I'm wondering how others are doing this.
For some critical daemons, I use inittab with the respawn option.
I'd like to do something similar with my init scripts, and automatically restart them if their corresponding services crash (but not necessarily all of them).
What is the best approach?
method 1:
Use a custom cron job or inittab script to parse the output of:
Code: Select all
rc-status -cThe inconvenience of this method is that the restart does not necessarily start right after a crash (depends on the cron periodicity setting).
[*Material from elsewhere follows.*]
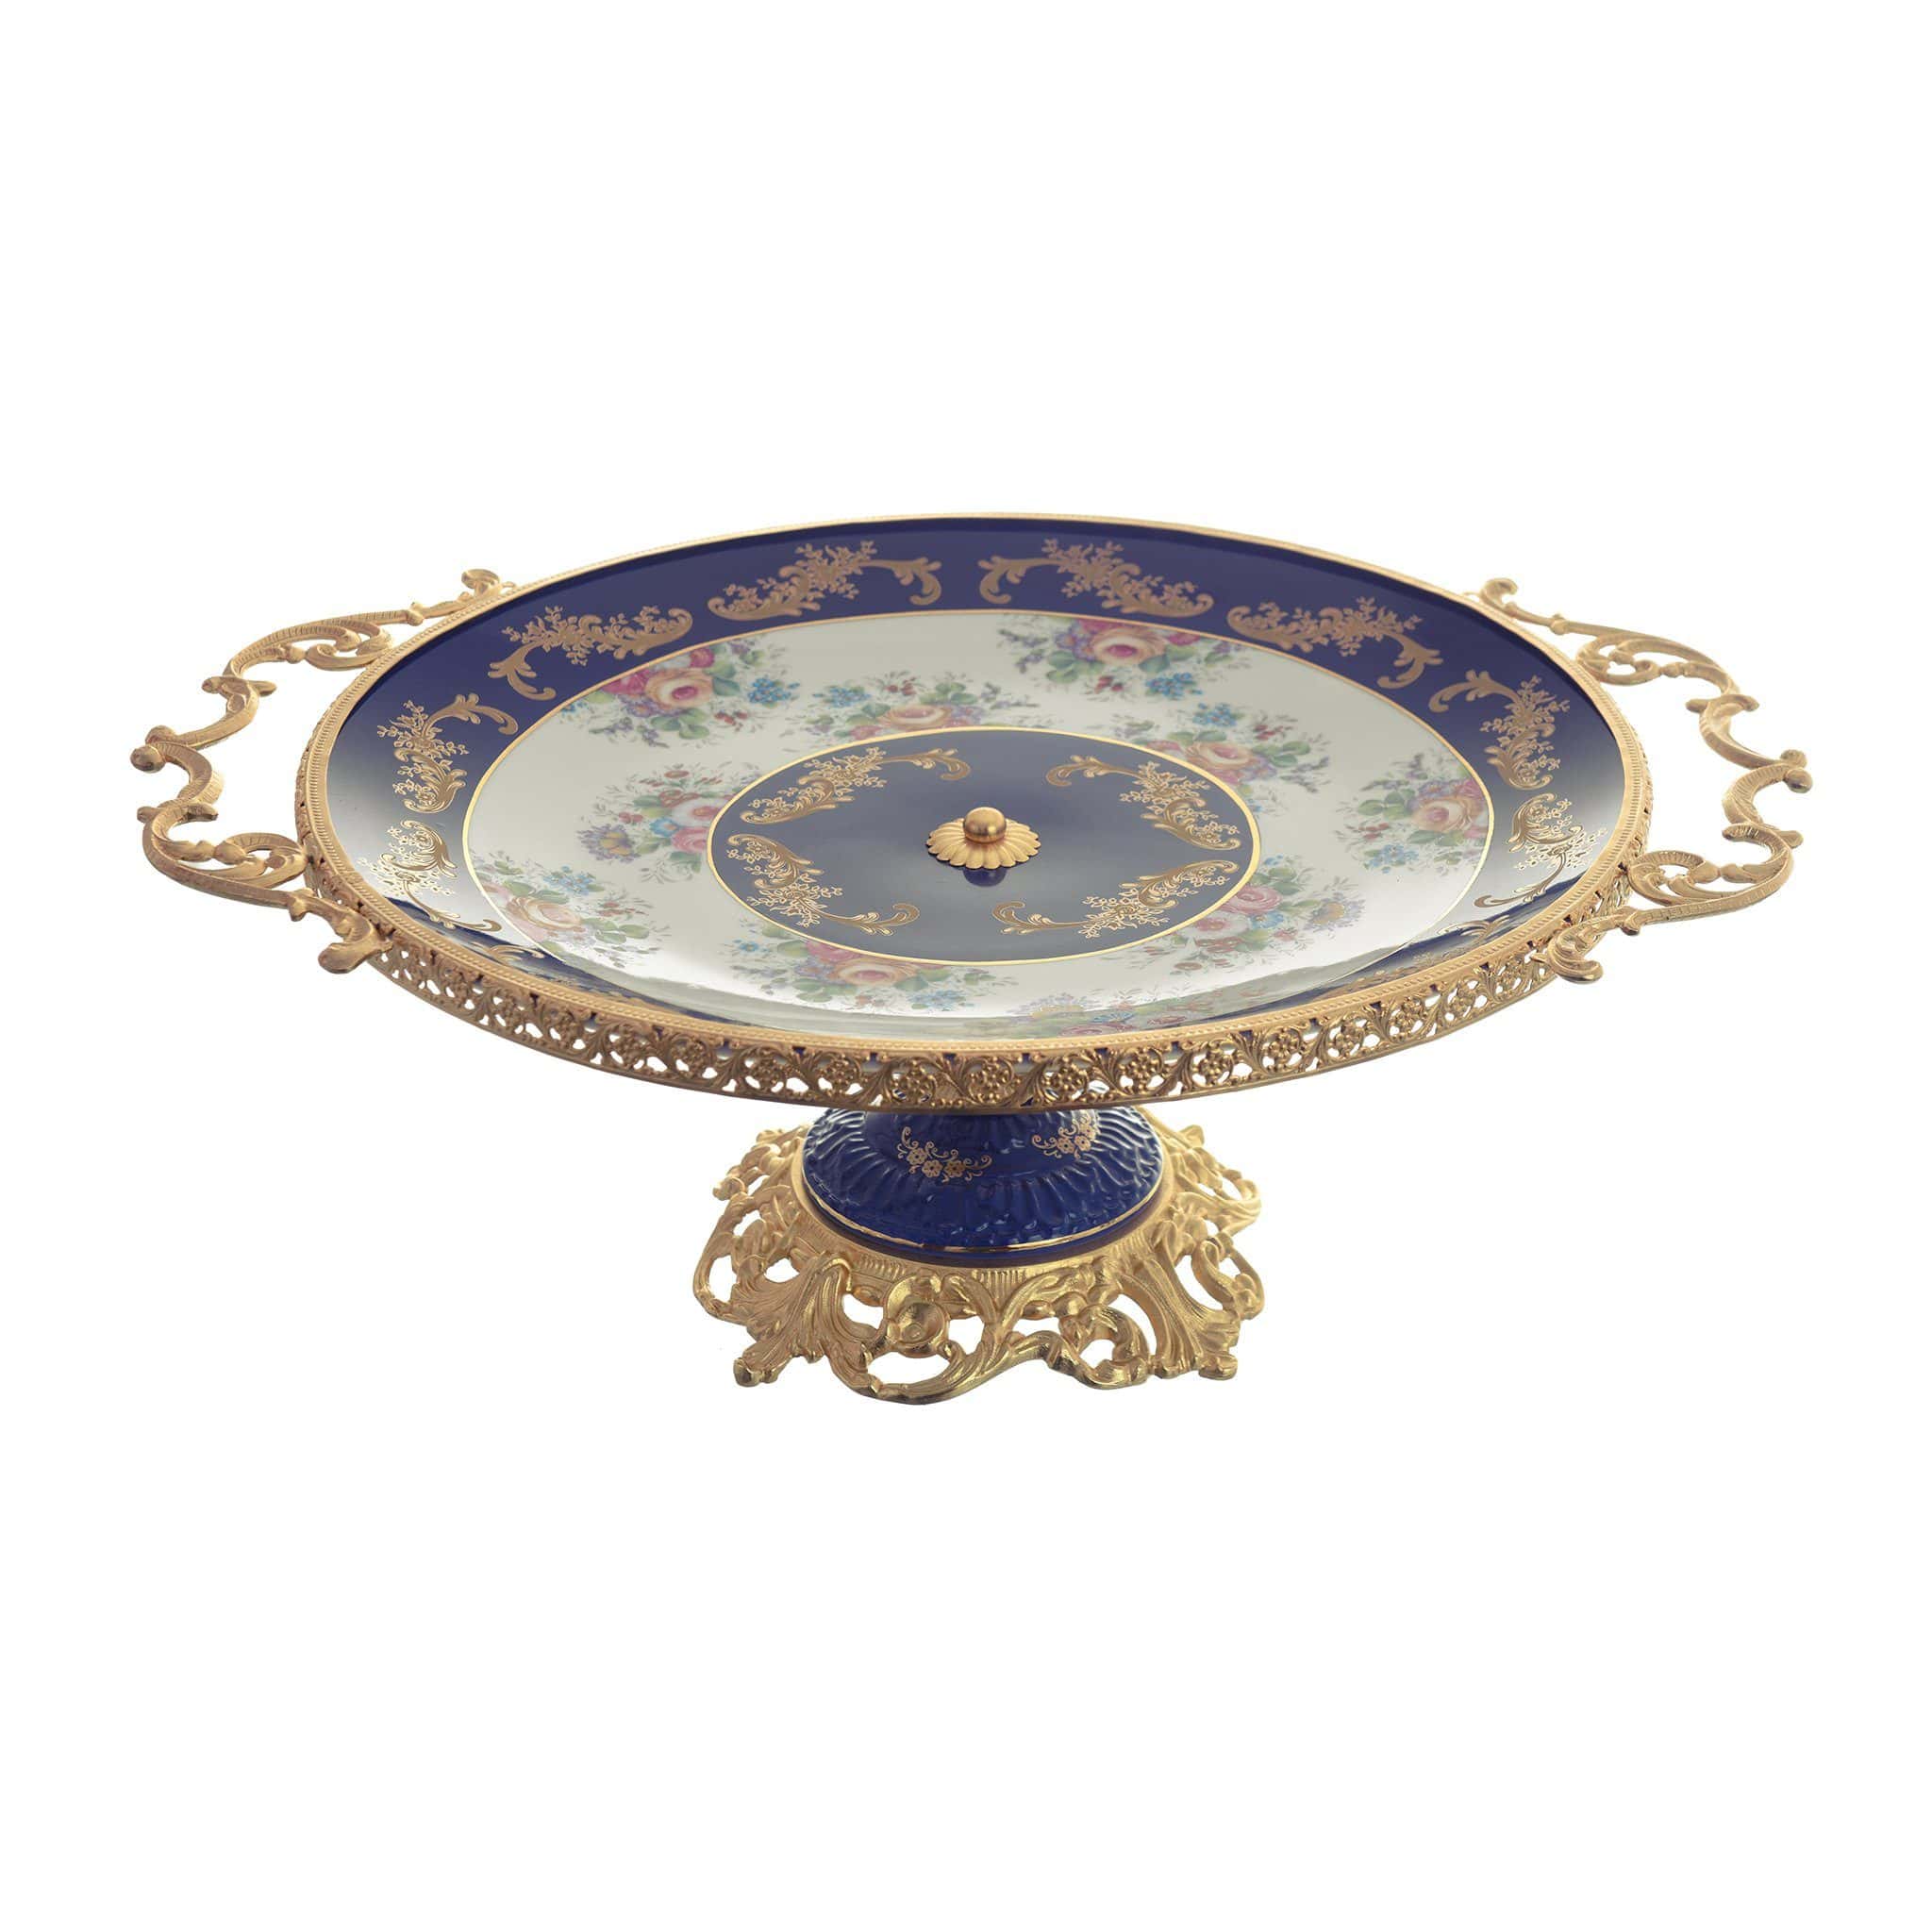 Caroline - Round Plate with Base & Gold Plated Handles - Floral Design - Blue & Gold - 40x50cm - 58000522
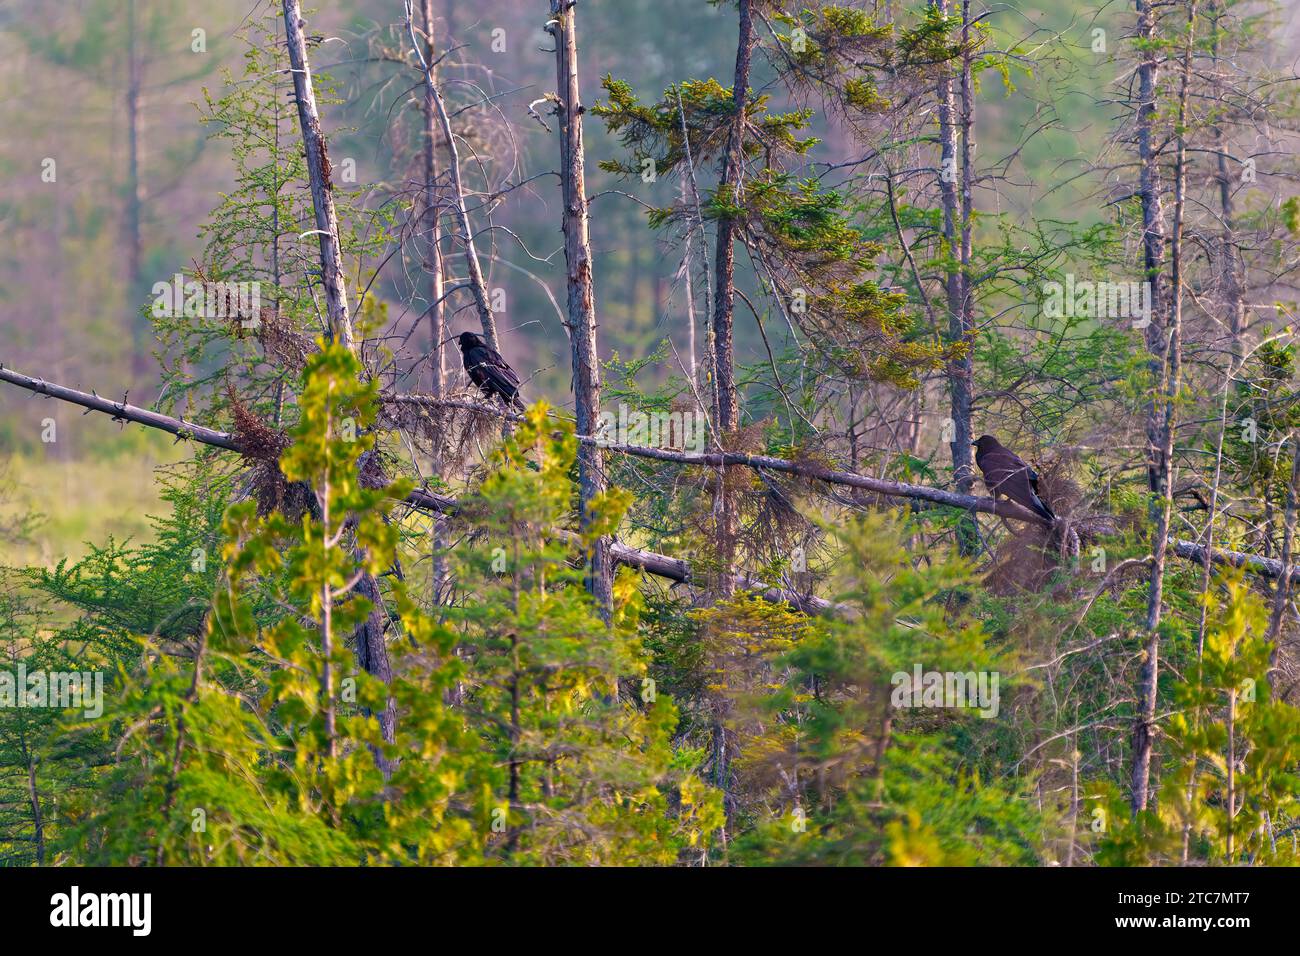 Summer scenery landscape with coniferous forest and two raven perched on a fallen tree with a blur forest background. Art Photo. Stock Photo

Also, I am not sure every single service crash case is reflected as "crashed" in rc-status -c. Maybe some "crashes" are sometimes reported as "stopped" services? Finally, will "-c" report a crashed service in any runlevel, including the "manual runlevel"?
method 2:
Use a custom cron job or inittab script to parse the output of:
Code: Select all
rc-status -m -C | grep -v '\[ started \]' | cut -f 2 -d ' 'The inconvenience of this method is that I don't know how to tell rc-status to list only the services in the default runlevel. I might also auto-restart a service that was purposely stopped manually. As in method 1, the restart does not necessarily take place right after a crash.
method 3:
Use supervise-daemon.
The huge inconvenience of this method is that Gentoo wiki states that it is still unstable software, requires manually hacking the init.d files of the services you want to supervise, and make sure the service doesn't use its own PID file or forks.
Any ideas?
Despite its disadvantages, method 1 seems to be the easiest to implement and maintain for now.
The supervise-daemon looks interesting, but it's too tedious to set up and maintain.